By the time the Endangered Species Act was passed, in 1973, only a few
hundred of these once-great predators were left in the lower 48 states.
After numerous generations of people dedicated to killing wolves on the
North American continent, one generation devoted itself to letting
wolves live. The animals’ number has now risen to almost 5,500, thanks
to their legal protection, but they still occupy less than 5 percent of
their ancient home range.
Since
1995, the act has guided efforts to raise wolves in captivity, release
them, and follow them in the wild. Twenty years ago this month, the
first gray wolves were reintroduced to Yellowstone National Park.
But
this fragile progress has been undermined. Since 2011, the federal
government has moved to remove federal protection for gray wolves in the
Northern Rocky Mountains (Idaho, Montana and Wyoming) and in the
western Great Lakes (Minnesota, Wisconsin and Michigan), the two
population centers.

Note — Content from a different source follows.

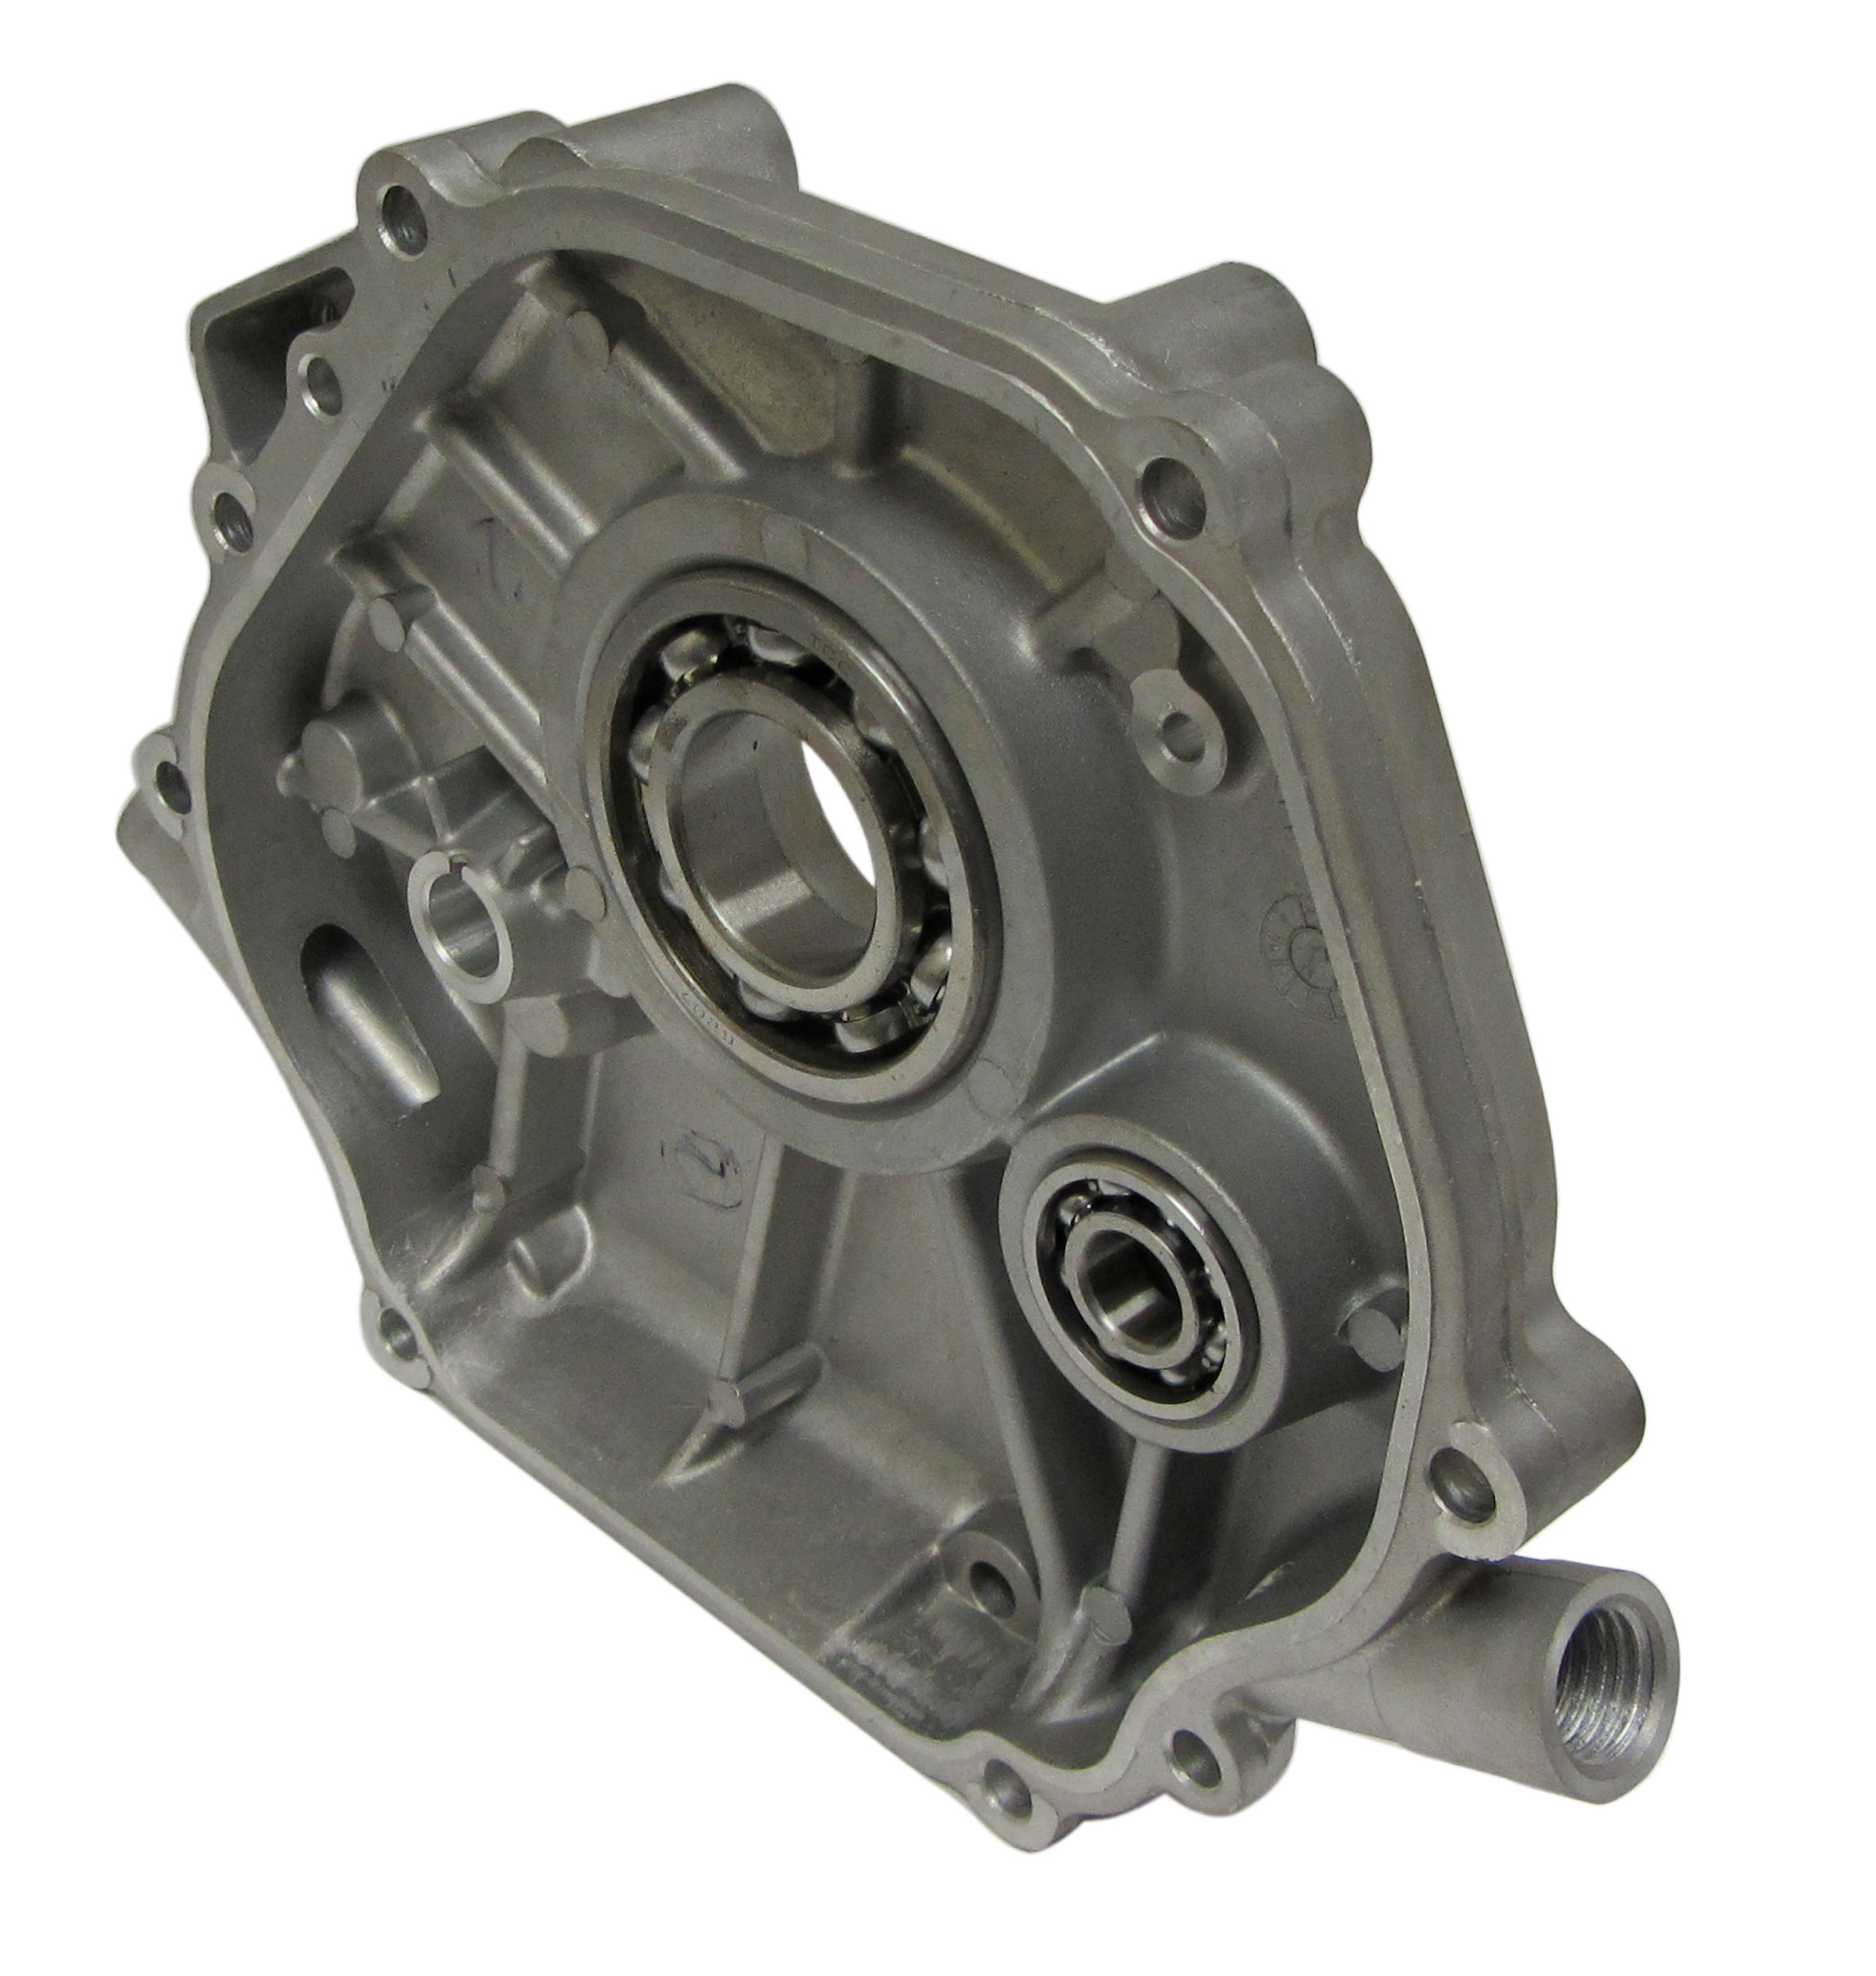 engine crankcase location transmission location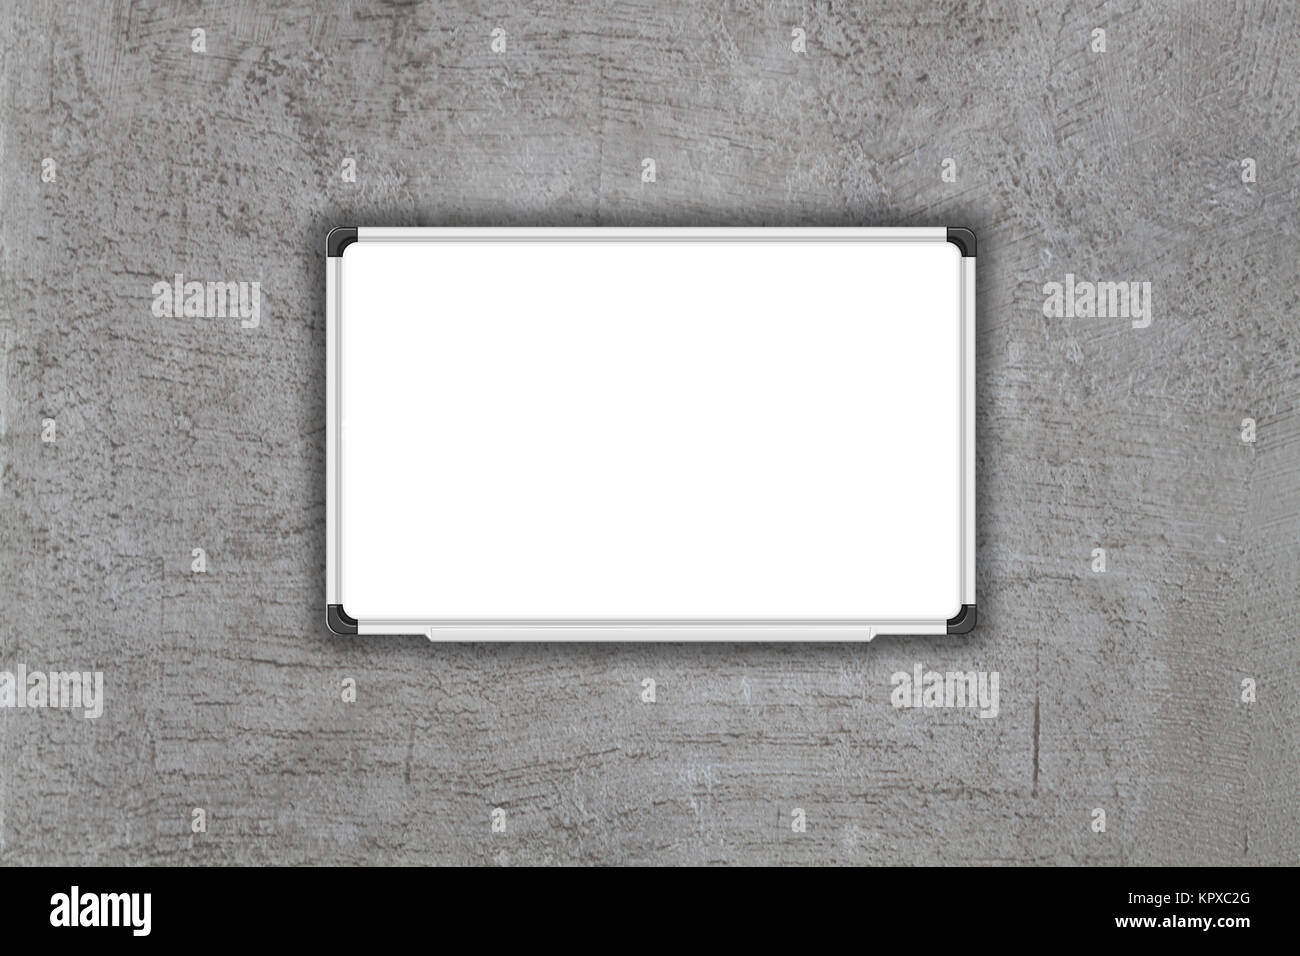 Blank white baord on gray concrete texture background - Stock Image

Management of the species was turned over to these
states, which responded with a zeal that looks like blood lust.
Relying
on the greatly exaggerated excuse that wolves threaten cattle and
sheep, the states opened their doors to the killing of wolves. (In some
states, bait can be used to lure the animals to their deaths; in
Montana, private landowners can each kill 100 wolves each year; in
Wisconsin, up to six hunting dogs on a single wolf is considered fair
play.) Legions of wolf killers rose to the challenge, and the toll has
been devastating: In just three and a half years, at least 3,500 wolves
have been mowed down.
There’s
been an outcry from conservationists, ecologists and people who simply
like wolves, but this has not stopped the killers. Some say wolves are a
threat to their livestock investments (despite the existence of
generous rancher-compensation programs in all wolf states save Alaska);
others invoke fear of wolves; still others appear to revel in killing.
Online, you can find pictures of wolf carcasses held up proudly as
trophies and men boasting of running over wolves with their cars. Judges
have started to step in. In September, a federal court decided that
wolf management in Wyoming — which had allowed people to kill as many
wolves as they wanted, throughout 84 percent of the state — should be
returned to the federal government. In December, also in response to a
lawsuit, another federal court reinstated protections for wolves in the
western Great Lakes. These decisions should make clear that the states
alone simply can’t be entrusted with the future of our wolves.
In
Washington, the threats persist. The Fish and Wildlife Service is
considering a proposal that would strip federal protection from almost
all gray wolves in the lower 48 states, not just the ones in the Rockies
and the Midwest. Meanwhile, right-wing Republicans in the new Congress
are champing at the bit to remove the wolves from protection under the act — politics trumping science.
President
Obama should direct the Fish and Wildlife Service to retain protection
for wolves; if it doesn’t, they could be wiped off the face of the
American landscape forever. A unified wolf-recovery plan for the nation
is required. Not only do wolves play an important role in keeping
wilderness wild, but they were here long before we were, and deserve to
remain. Not for nothing was the environmentalist Aldo Leopold
transformed by the sight of a “fierce green fire” in a dying wolf’s
eyes.
I’ve
seen wild gray wolves only once, as they trotted across a dirt road in
front of my own family car in a New Mexican forest. There were three of
them on the road, no doubt a wolf family, and three of us in the car: my
husband, my daughter and me. In the back seat, my little girl was
engrossed in a picture book and didn’t look up fast enough. I want her
to have another chance; I want her to keep living in a world where
something beautiful and wild lurks at the edge of sight.